July 29th, 2011 at 00:40
I don’t think APM is broken just the solutions and the process they promote which unfortunately relies heavily on an element that does not have “web scale” – humans.
Software needs to be self-regulated and cost aware and the foundation for is APM but not like what has been offered up to now which is largely driven by “user” consumption needs.
Automated Performance Management starts with Software’s Self Observation
http://opencore.jinspired.com/?p=2709
The Ultimate Feedback Loop
http://opencore.jinspired.com/?p=4052
September 13th, 2011 at 20:34
I think the biggest problem is that when you quote “multi-million dollar investments in APM solutions”, what you really mean is APM Tools.
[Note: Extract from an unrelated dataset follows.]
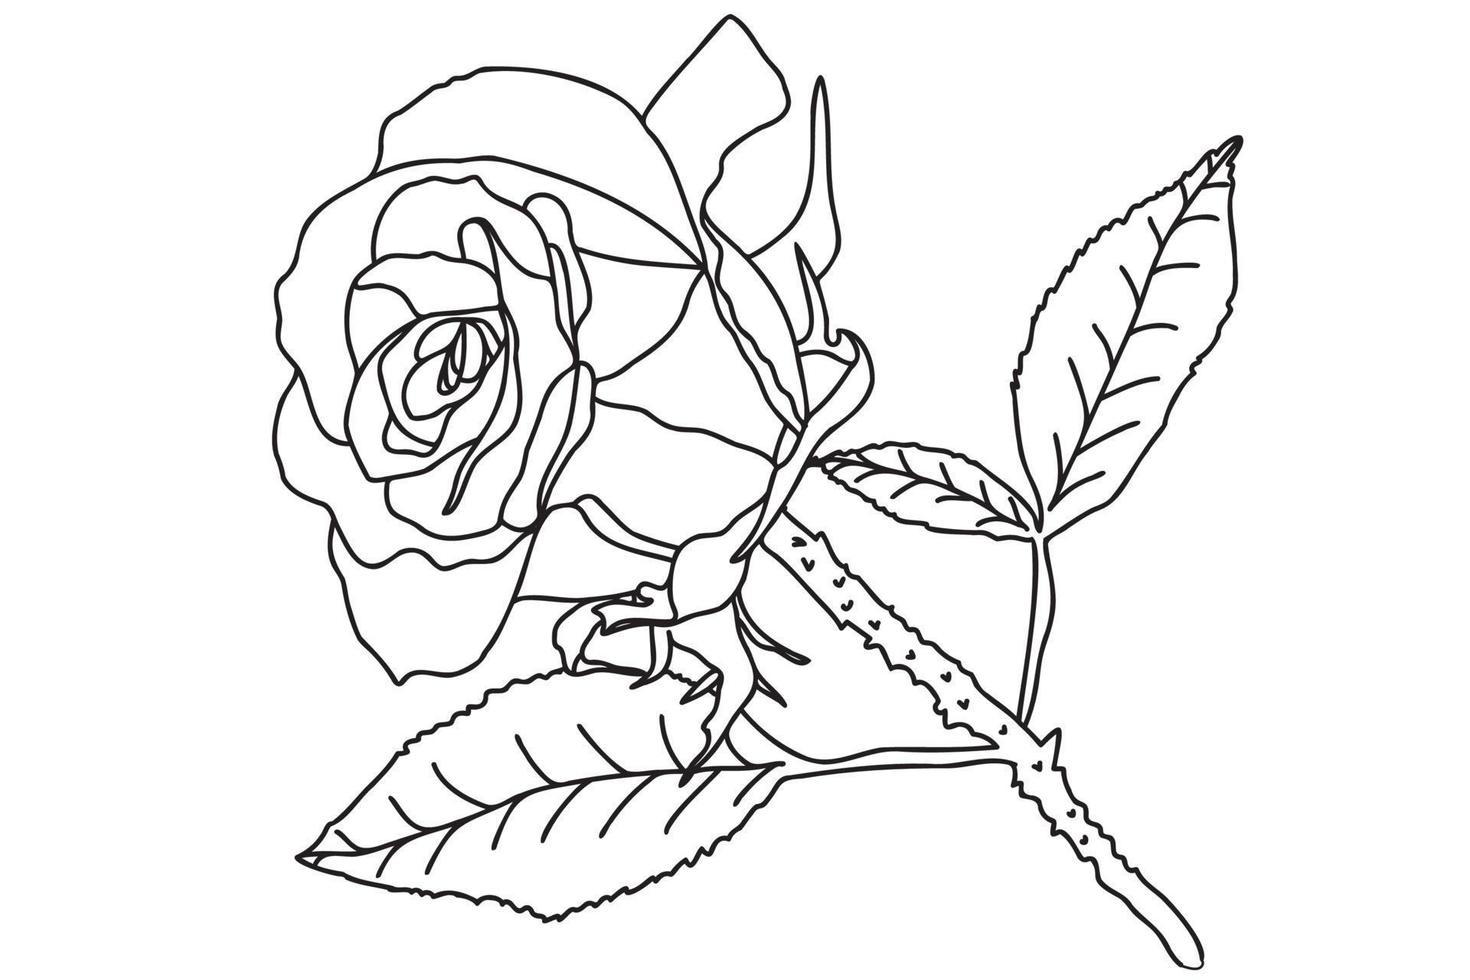 se dibuja una sola rosa con un contorno negro, está pensada para tatuajes,  impresiones, tarjetas, impresión de telas, 8 de marzo, san valentín,  etiquetas, logotipos y otras ocasiones. 9969924 Vector en Vecteezy

Application Performance Management is a process. You define how you will manage your applications performance throughout the lifecycle. This includes a threeway feedback loop from production monitoring, capacity planning and performance testing.
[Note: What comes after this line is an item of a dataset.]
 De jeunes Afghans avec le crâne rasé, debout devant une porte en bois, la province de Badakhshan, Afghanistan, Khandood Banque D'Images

People need to stop thinking about how “APM solutions” can solve the problem, and think about how people and process can solve the problem, and support them with the right tools, not just ones branded with APM.
September 14th, 2011 at 12:40
Joel,
I agree with your comment. When we say “APM is broken”, we are using Gartner’s definition of APM which is “application performance monitoring” – the tools or solutions used in the production environment. You are correct, though – the “application performance management” process is also broken. The feedback loop you described is not often fully or correctly implemented: the disconnect between pre-production and production environments (and people) must be fixed. For example, pre-production test labs must be able to incorporate real-world production network conditions in order to ensure reliable testing (load, performance, capacity, etc.). Similarly, operations teams that are monitoring applications in production must know the SLAs that have been established and validated in pre-production so they know what a performance error is.
Thanks for the comment and we look forward to continuing the dialog.
November 3rd, 2011 at 08:49
As a performance engineer and person on a team to bring APM to our company I do agree that there is a disconnect between the sales pitch and delivered product. But, that is always the case with most products; look at the pictures of food on a menu.
I tend to disagree that APM is broken; the processes, the teams and unrealistic expectations, even the sales rep. might be. We are going through a major APM implementation and are seeing plenty of benefits already. That being said it is being implemented by a team of highly technical Architects and Sr. Analysts.
APM and APE should go hand in hand and they are not mutually exclusive. If you success is driven by your software it is foolish to ignore either. Our plan is to have APM on our QA environments as well as or production environments.